Have Knife - Will Travel

Welcome to travelingmohel.com! If you are expecting a boy, or if your son has just been born, and you live in an area without a local mohel (or the local mohel is unavailable, or you are exploring other options), travelingmohel.com is the address for you.

I come highly recommended by happy parents, rabbis and physicians, and have developed the traveling for a bris down to a science so that you have the best experience possible from a traveling mohel, your baby is given the attention he needs and deserves, and we remain in constant contact until your baby is completely healed from his bris (circumcision).

I currently live in South Florida, making me an ideal candidate to fly anywhere in the Caribbean or the United States. I am open to flying just about anywhere in the world!

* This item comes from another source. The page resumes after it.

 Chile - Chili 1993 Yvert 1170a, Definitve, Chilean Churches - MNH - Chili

For more information about me and my thoughts on bris milah/ brit milah/ berit milah, please see my regular blog at http://www.mohelinsouthflorida.com/

Click here to read the inaugural thoughts of this website/blog. This posting is the important first step in understanding what I offer and how my mohel services will best fit your needs.

Monday

Traveling Method WORKS - May Even Be Safer

Sometimes, Jewish newspapers have a bad habit of being critical of Jewish practices. Sometimes the criticism is out of line and unsubstantive, and is particularly meant to make religion and observance look bad. Sometimes the critique is in order, and certain practices need to be changed or modified for the criticism to be removed.

In the case of the article presented here from the Jerusalem Post, they are not saying circumcision is bad, or that circumcision done by a mohel is unsafe. They are saying that when the bandage is on the baby for a long period of time (over 24 hours), chances of a urinary tract infection increases manifold.

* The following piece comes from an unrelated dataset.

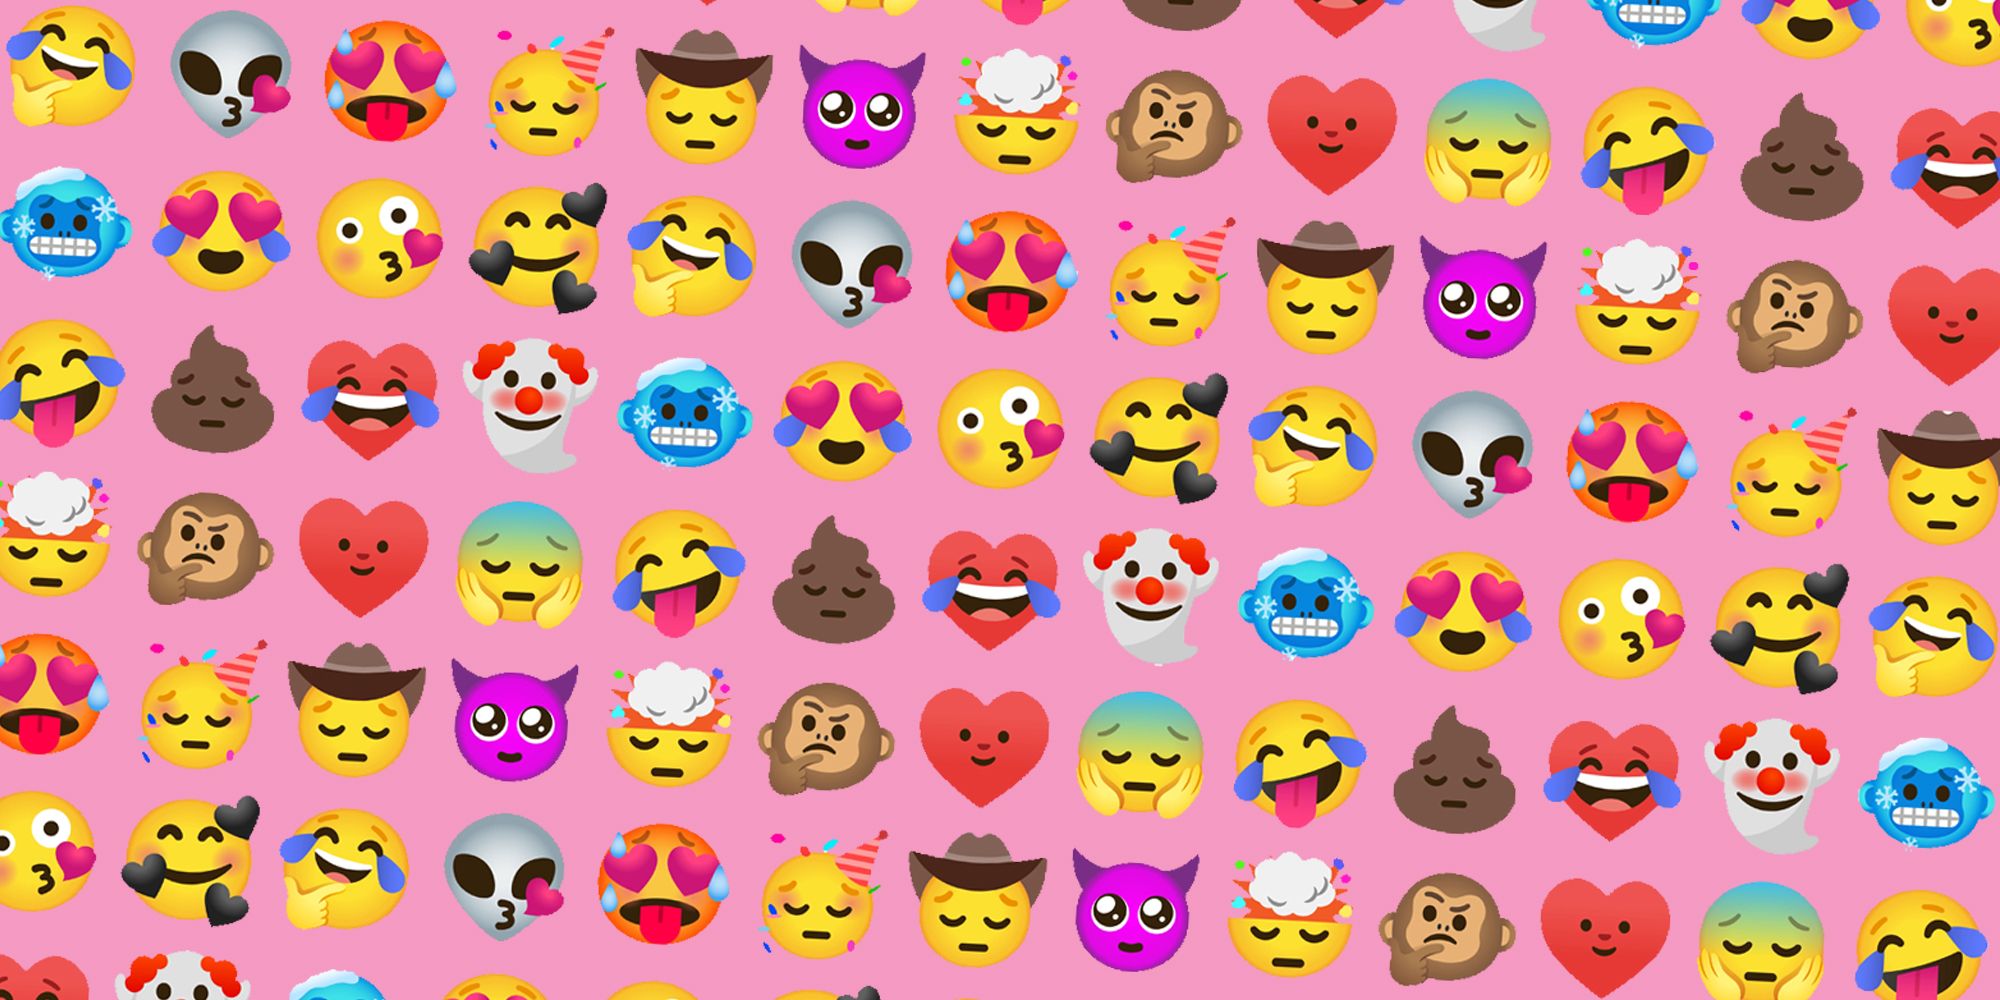 Hands On With Google's New Emoji Mashups

Lucky you! When you are serviced by the Traveling Mohel, the baby's bandage often comes off on its own (which is a good thing!), or it is taken off within a few hours after the bris.

Here is the link to the article. In case, over time, the link becomes inactive, the article is reproduced below in its entirety.

The gist is this: Calcium alginate is an effective form of achieving hemostasis (stopping bleeding). Once hemostasis is achieved, the bandage can be removed and the baby will naturally heal on his own.

I have been bandaging this way for years, and (with God's help this will continue) have never had a baby develop any post-operative infections from my brisses.

June 14, 2010 Monday 2 Tammuz 5770



'Traditional Israeli brit mila technique ups infection risk'
By JUDY SIEGEL-ITZKOVICH

J'lem doctors say employing different method to stanch bleeding could reduce complications.

The long-time practice by Israeli ritual circumcisers (mohelim) of using gauze for as long as 26 hours to stop penile bleeding is responsible for the significantly higher rate of urinary tract infections (UTIs) within a few weeks of the Jewish ritual.

According to pediatricians and infectious diseases experts at Shaare Zedek, by adopting a different, yet simple medical technique for stanching the bleeding, many UTIs can be prevented. Drs. Ori Toker, Shepard Schwartz, Gershom Segal, Nadia Godovitch, Yechiel Schlesinger and David Raveh published their findings in the May issue of the Israel Medical Association Journal (IMAJ), along with an editorial by Dr. Jacob Amir, a pediatrician at Schneider Children’s Medical Center in Petah Tikva.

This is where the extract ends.